Calcium is a vital mineral for the human body, playing a key role in the development and upkeep of strong bones and teeth. It also aids in preventing bone diseases like osteoporosis, which affects countless individuals worldwide. While dairy products are a well-known calcium source, many are unaware of alternatives that provide equivalent or higher levels.

Sesame seeds are a remarkable source of calcium, and regular consumption can yield calcium levels comparable to a serving of dairy. Besides calcium, sesame boasts other critical minerals such as phosphorus, magnesium, and zinc, all of which collaborate to enhance bone health.

Phosphorus, for instance, partners with calcium to help preserve the structure of bones, while magnesium is essential for activating vitamin D, thereby boosting calcium absorption in the body.


Further advantages of sesame: antioxidants and phytoestrogens

Sesame not only teems with calcium and critical minerals, it also is high in potent antioxidants like sesamin and tocopherol. These substances can help reduce oxidative stress in bone cells, potentially slowing down natural bone deterioration and bolstering long-term bone health.

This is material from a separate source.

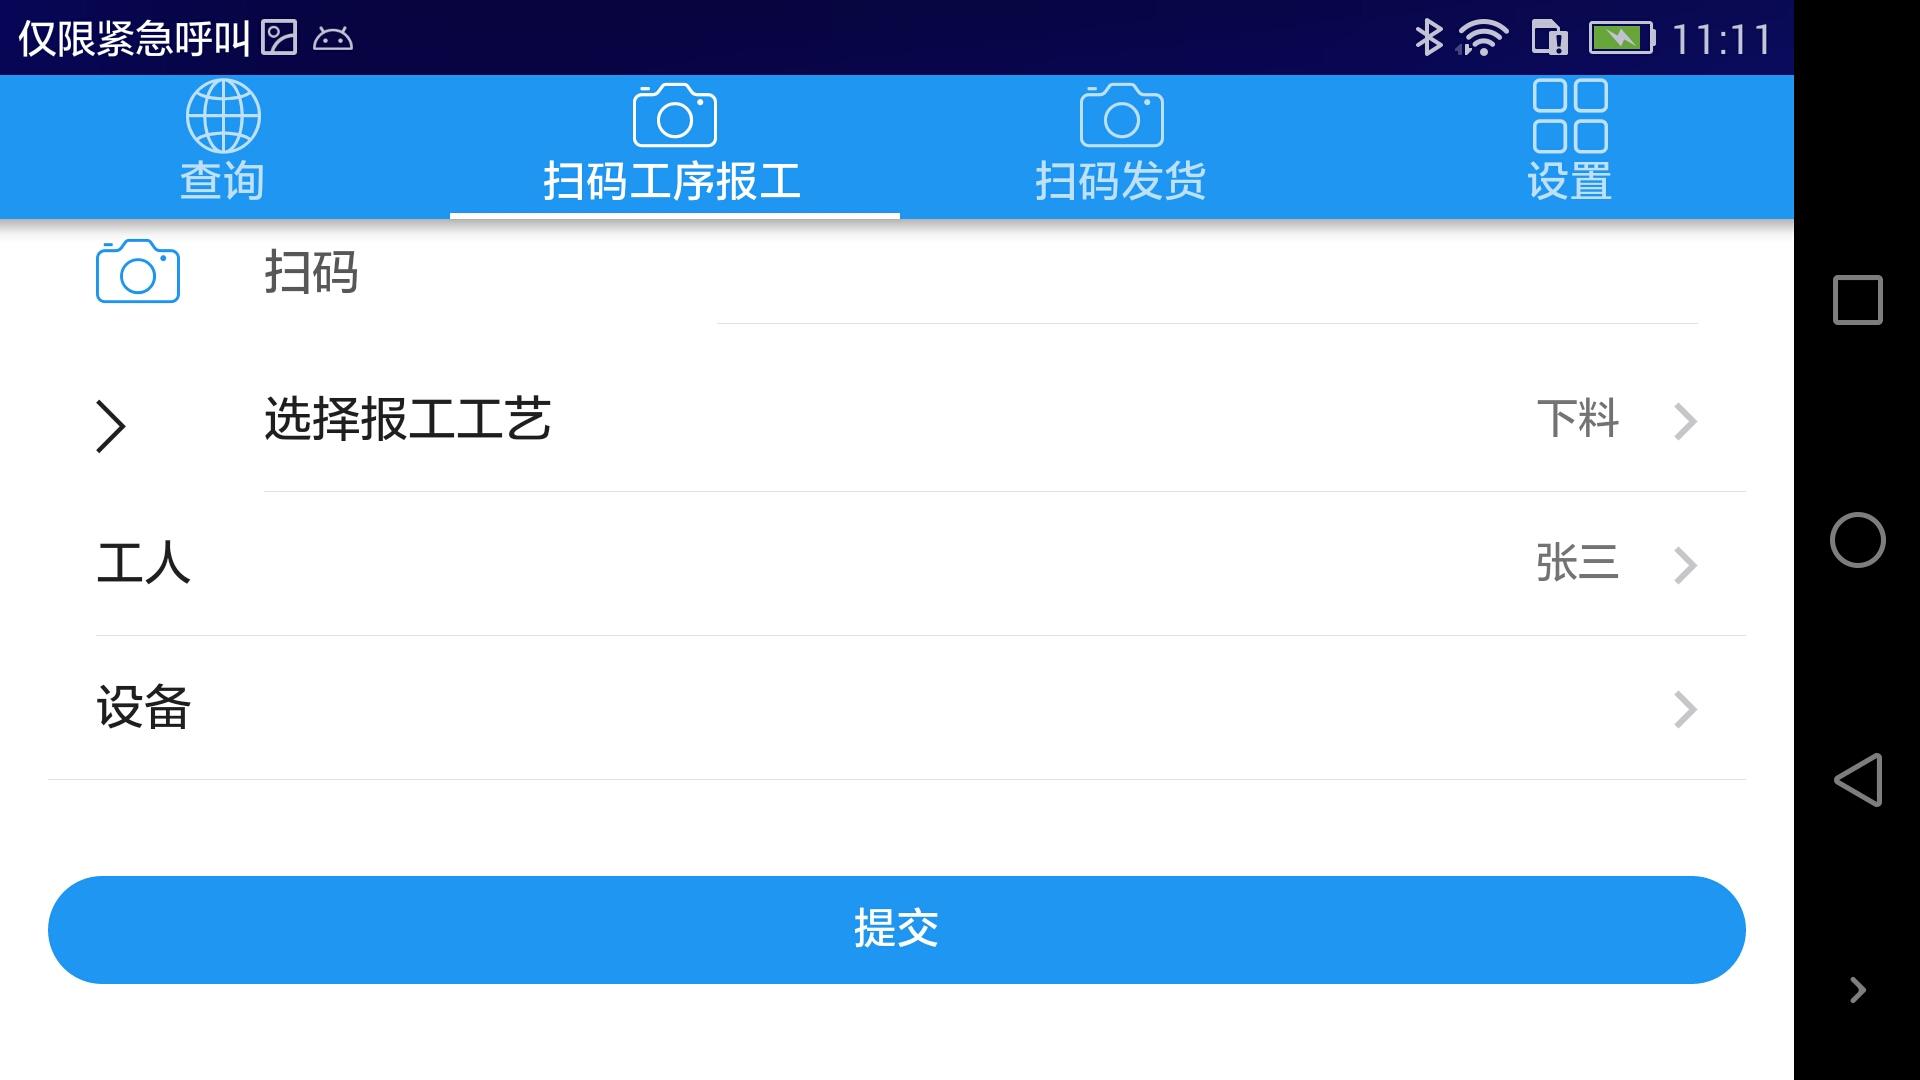 Screenshot 2018 08 30 11 11 30 - 速易天工V3 生产进度管理软件

Moreover, sesame contains phytoestrogens, compounds that imitate estrogen’s effects in the body, which may be particularly beneficial for those experiencing menopause or older individuals.

Ways to incorporate sesame into your daily meals

Introducing sesame seeds into your everyday diet is quite simple, with various tasty options available. Here are several suggestions:

  • Toast as a topping: Garnish salads, soups, or rice with toasted sesame seeds for an added crunch and nutrition.
  • Blend in smoothies: Mix a tablespoon of raw or toasted sesame into your fruit or vegetable smoothies.
  • Incorporate in baking: Add sesame seeds into bread, cookies, or cakes, or use them as a decorative element before baking.
  • Create tahini: Make or purchase tahini, a sesame paste excellent for spreading or as a base for hummus or dressings.
  • Sprinkle on fruit and yogurt: Enhance natural yogurt or fresh fruits with sesame for added nutrients.
  • Use in Asian dishes: Incorporate into recipes like sushi, noodles, or Asian-style stir-fries.
  • Make energy bars: Mix sesame seeds into nuts for homemade energy bars or healthy snacks.

Sesame seeds provide an outstanding source of calcium, alongside other crucial minerals, antioxidants, and phytoestrogens that support bone health. Adding them to your daily regimen is effortless and can significantly help maintain robust bones while warding off diseases like osteoporosis.

*This article has been automatically translated using artificial intelligence.